Feel sorry for people who don't have the sorts of families who like each other and actively want to help out when needed. Couldn't imagine not wanting to do this for a friend, let alone a daughter.

MerryMarigold · 29/02/2012 20:11

Grin at the future MIL's. So true!!!

spartafc · 29/02/2012 20:14

this thread sorts the wheat from the future MILs from hell chaff
what does this mean?
I get no help, at all, from any family member. I never have.
I do, however, help my family A LOT, and always have. Just because I don't feel that anyone should expect help doesn't mean I won't help people out myself.
It's not always as cut and dried as your family not liking you.

Mrsjay · 29/02/2012 20:20

I think i will be a fine MIL and granny I just wont be on call just in case It doesnt make the Ops parents mean they asked she said no things have changed maybe her parents are a bit miffed at her attitude

fatlazymummy · 29/02/2012 21:22

I think it's a bit of a liberty to ask anyone to babysit 2 children for that length of time TBH. I am going to be a grandparent soon and I have already agreed to help out with some childminding but that is for the purpose of work. I also wouldn't mind a few hours in the evening occassionally, or of course helping out in an emergency, but not so that they can spend all weekend without their children at a wedding. Similarily, I would never even have asked my parents or inlaws for such a 'favour' in the 1st place. We just would have taken our children with us or not gone at all.

brdgrl · 29/02/2012 22:04

See, for me, this isn't a 'grandparent' issue. Take the 'grandparent-ness' out of the equation (because I don't think grandparents have any greater responsibility to provide childcare or other suppport for their adult children than anyone else).

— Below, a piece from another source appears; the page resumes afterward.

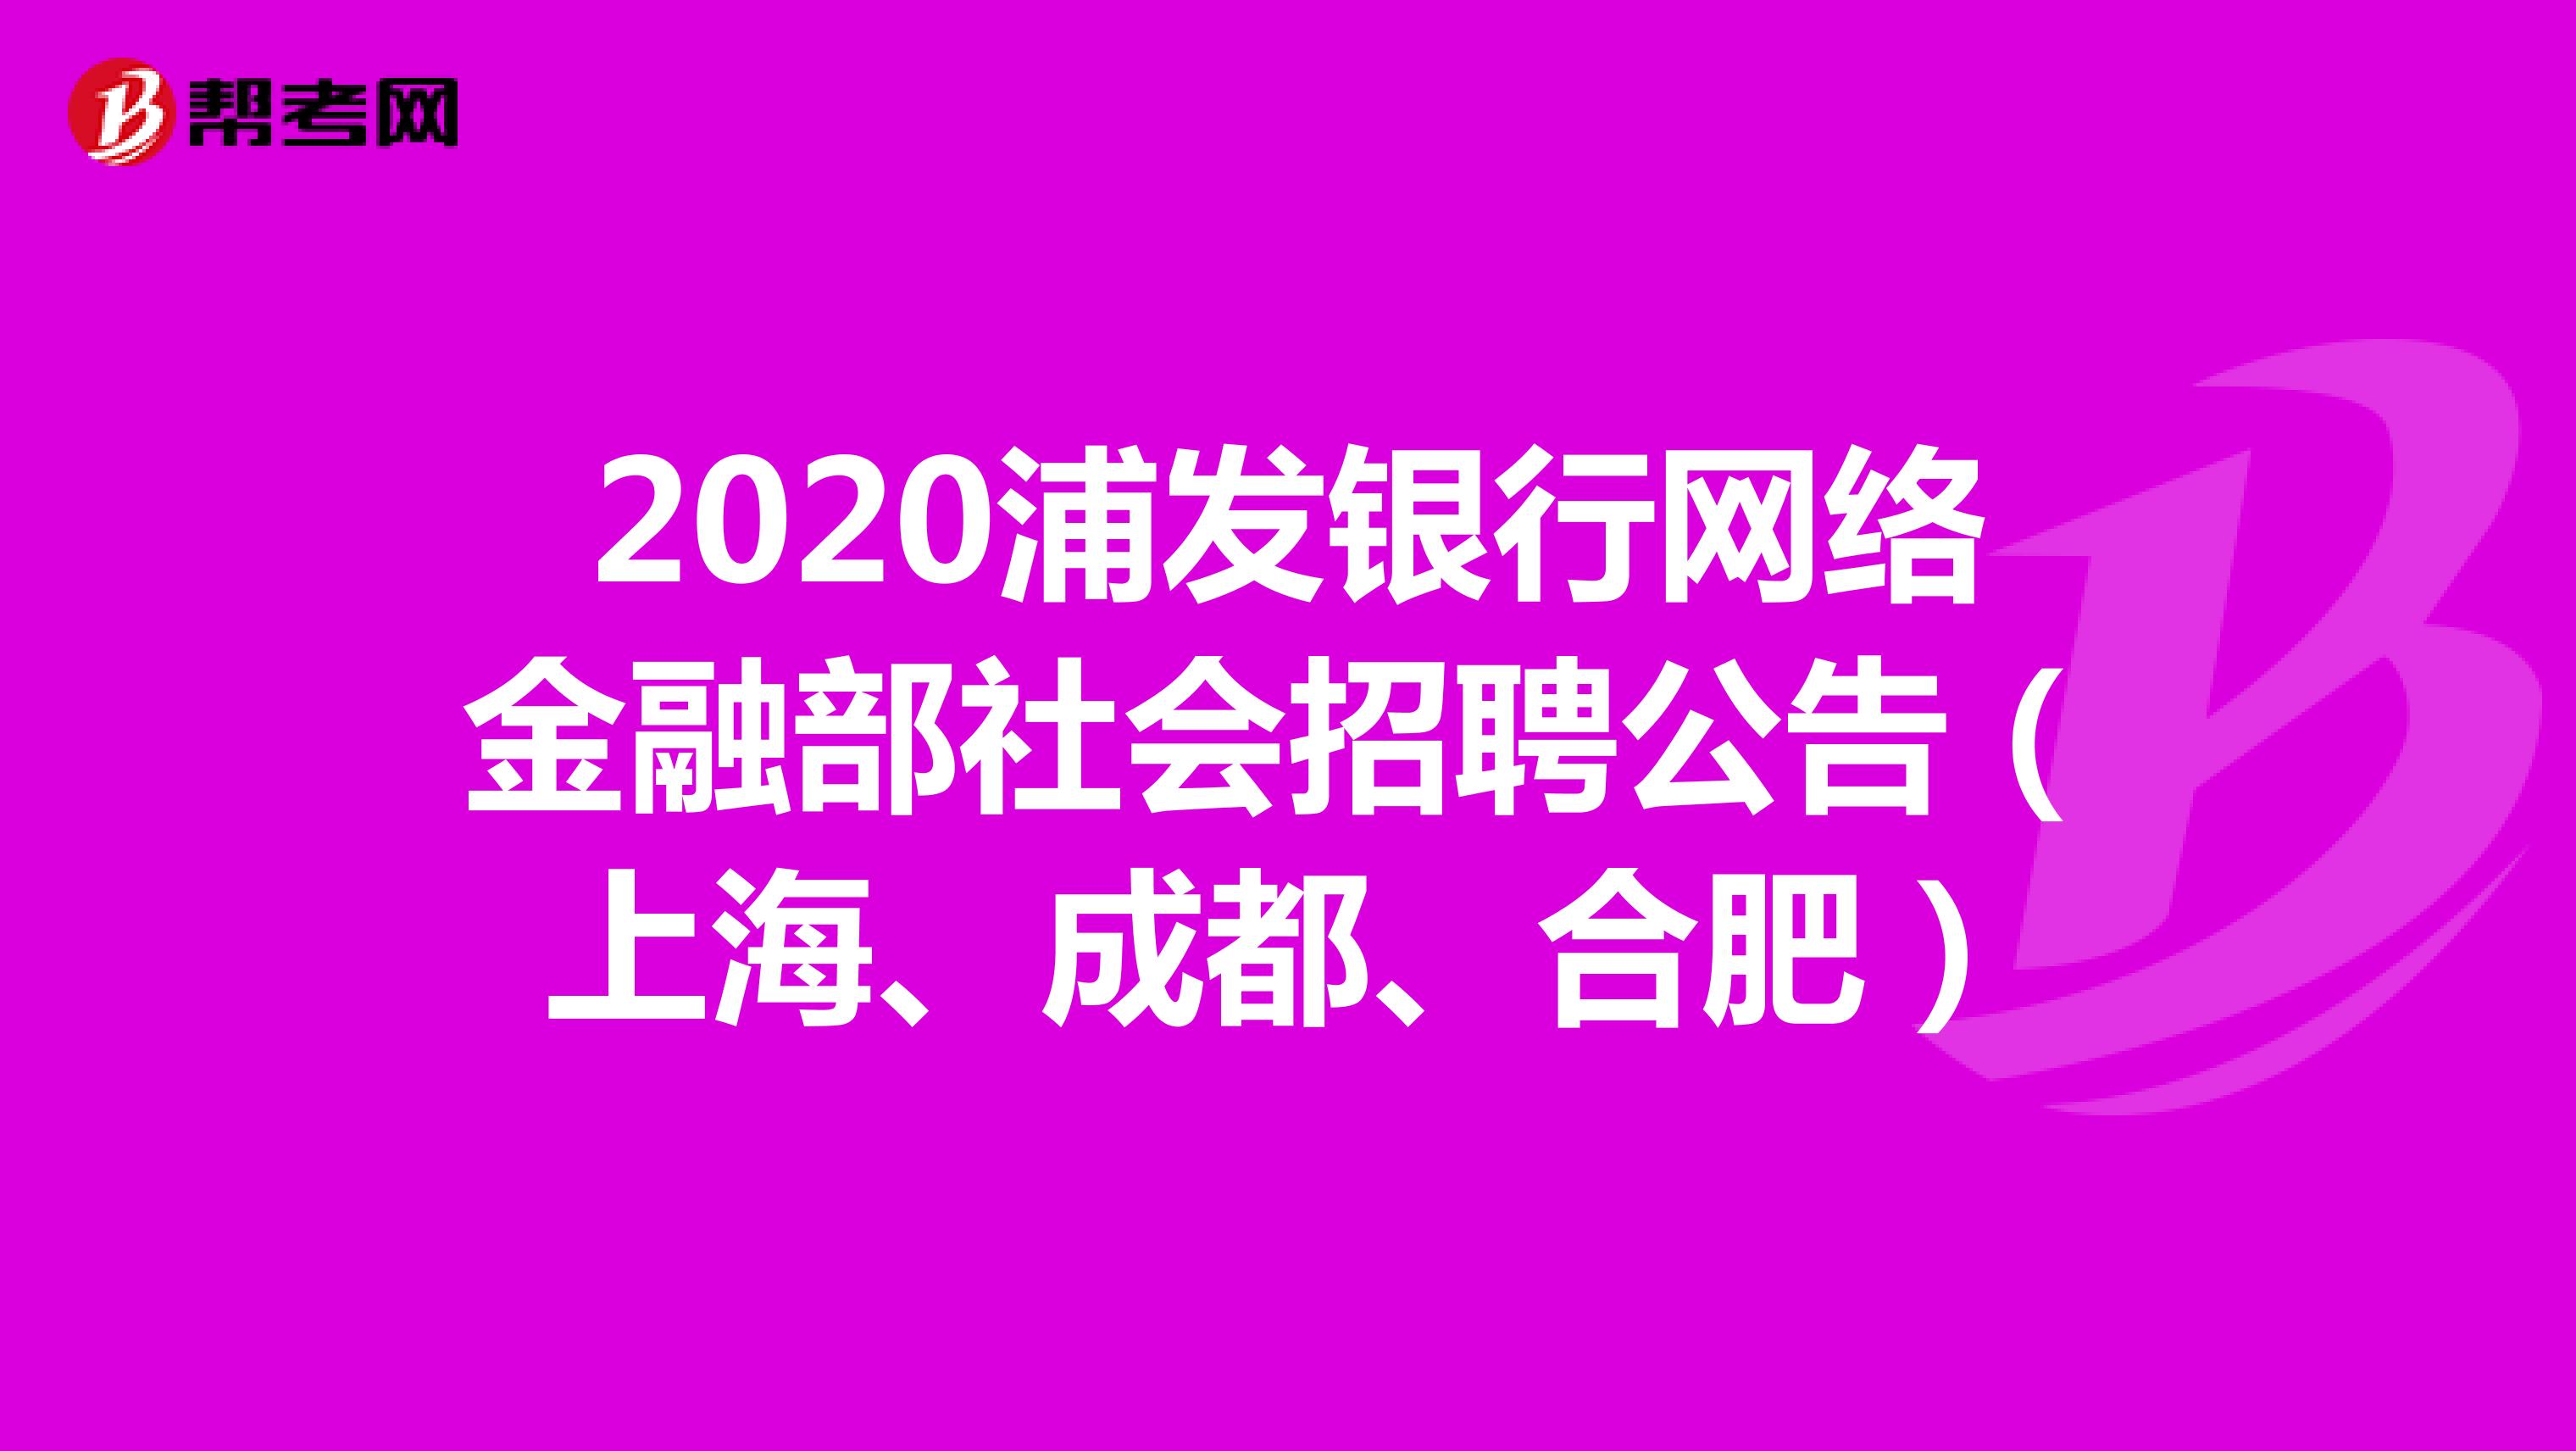 2020浦发银行网络金融部社会招聘公告（上海、成都、合肥）

Then you are left with the question: "A person or persons I am close to indicated that they would reluctantly, if I were really stuck, do me a favour. Now that I am actually stuck, that person(s) has changed their mind. Is it reasonable to be annoyed?"

If you wouldn't be annoyed with a friend for the same thing, you are BU to be annoyed with your parents.

lechatnoir · 29/02/2012 22:07

I'd do it for a friend no question.

OP posts:
ssd · 29/02/2012 23:03

you still sound spoilt

olgaga · 29/02/2012 23:11

Nobody's at anybody's 'beck and call'... It's a one-off, special occasion with unusual circs (overseas). Pretty much the exact opposite to a 'beck and call' request

I don't agree.

My parents said they had the theatre booked on the saturday night but if we were stuck could try & rearrange or cancel

So they did offer at that point to rearrange or cancel.

DH's parents were happy to come & stay so we accepted the invite & booked our flights

So the OP told her parents they didn't need to rearrange their plans. Now with 4 weeks to go she wants them to rearrange or cancel.

They might have a very good reason. It's a play - it might not be possible to rearrange and get tickets for another performance. They might be meeting up with other people they hardly ever see. Alternatively, they might be thinking "well, we offered, but at this late stage, we can't just drop everything at their beck and call". Or maybe "Well, there are two of them, they don't both need to go".

Also:
my folks have had them for an overnight stay a few times & (seem to) love having them although are totally knackered at the end of it!

Well if that's the case I think OP has a bit of a cheek asking them anyway. It certainly might explain their initial reluctance, and now their unwillingness to change their plans at this late stage.

Is it really that shocking that occasionally, parents have to miss out on things they would like to do? That's life when you have children, isn't it?

I wonder how many weekends away on their own they enjoyed when their children were young!